◆ Assignment ◆
Only the lines below from the one containing "Заставе НАТО-а САД" through the one containing "17-18.05.2019 XVI Warszawskie" belong in the answer, repeated exactly and without pictures.

◆ Source material ◆
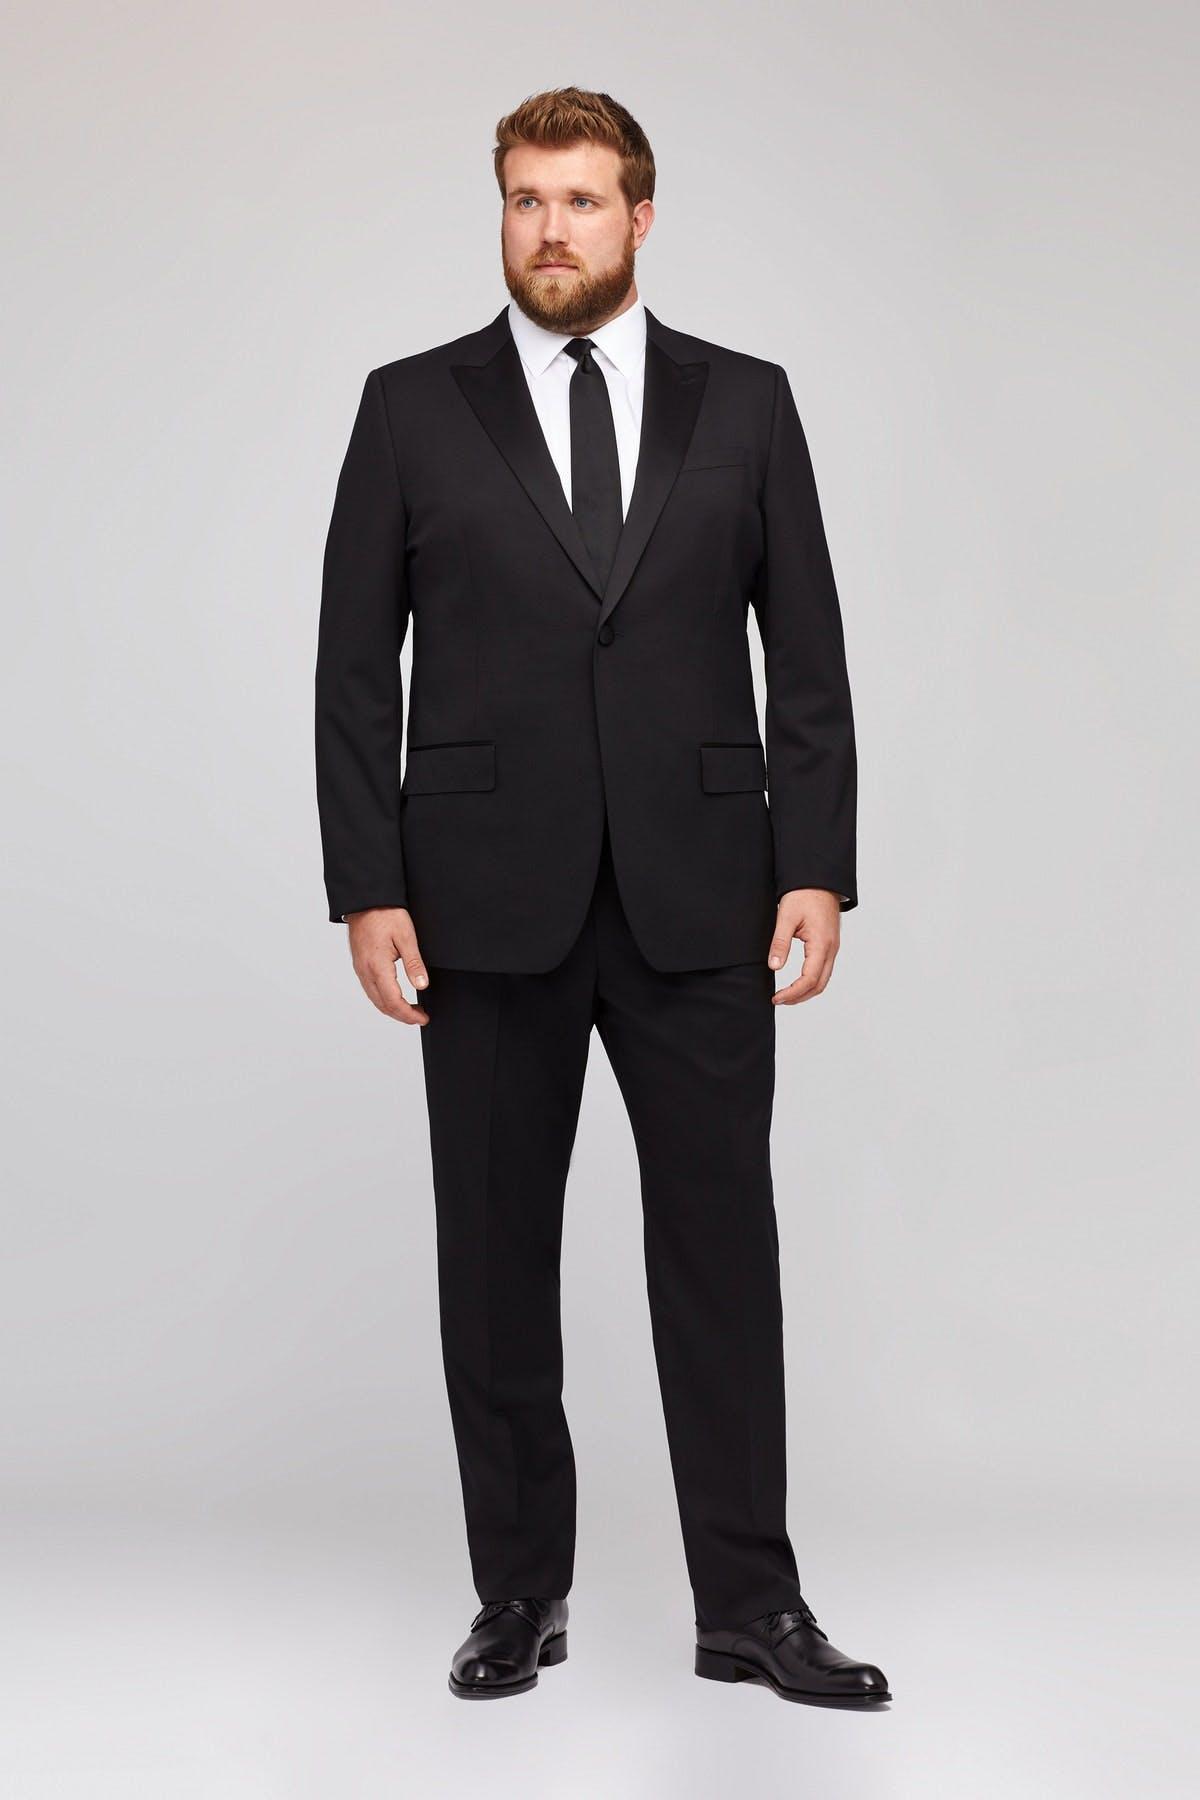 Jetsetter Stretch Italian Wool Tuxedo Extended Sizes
---
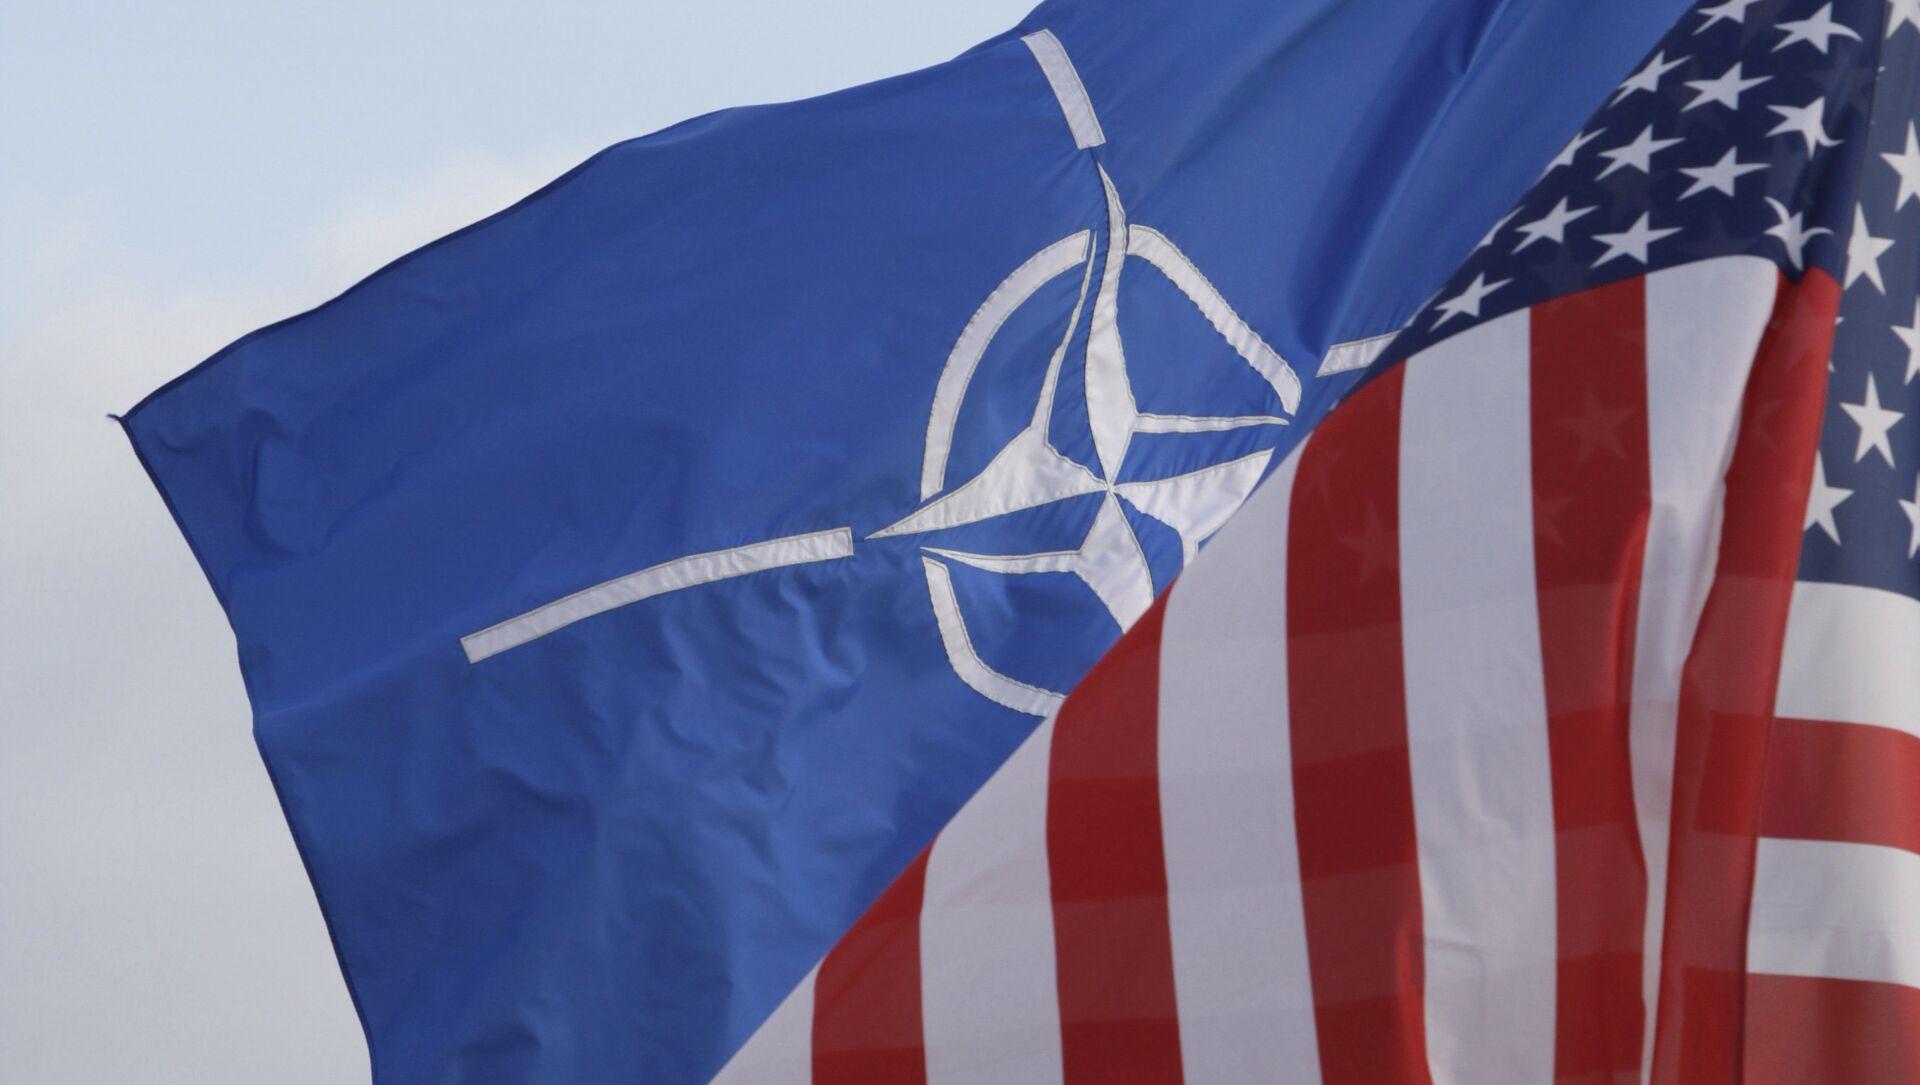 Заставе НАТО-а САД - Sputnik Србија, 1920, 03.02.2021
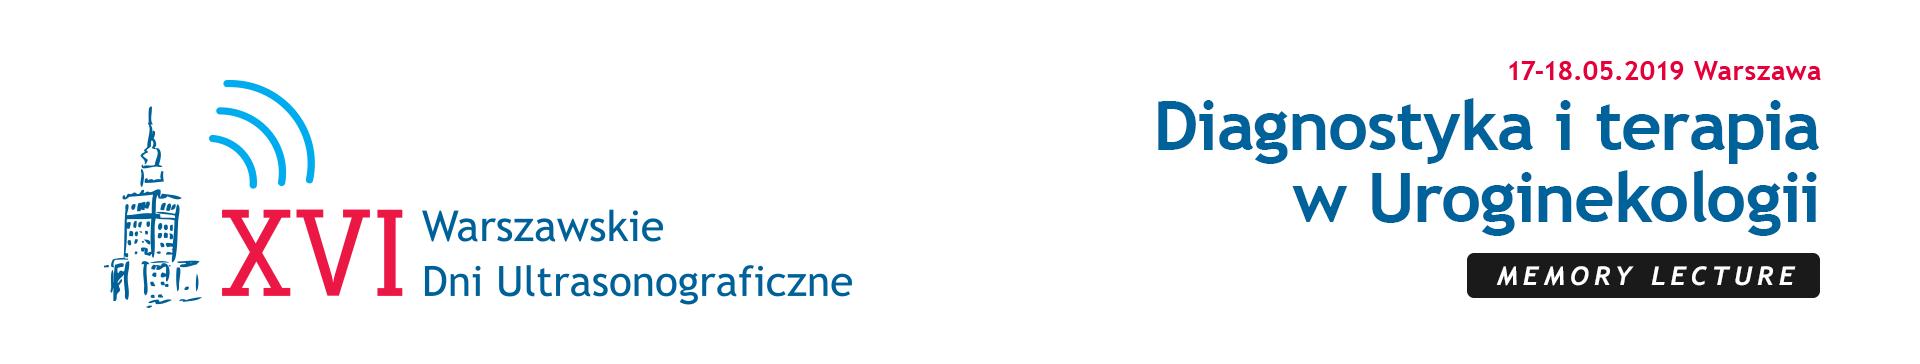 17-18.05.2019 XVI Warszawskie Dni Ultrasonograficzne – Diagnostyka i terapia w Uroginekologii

◆ Response to this task ◆
 Заставе НАТО-а САД - Sputnik Србија, 1920, 03.02.2021
 17-18.05.2019 XVI Warszawskie Dni Ultrasonograficzne – Diagnostyka i terapia w Uroginekologii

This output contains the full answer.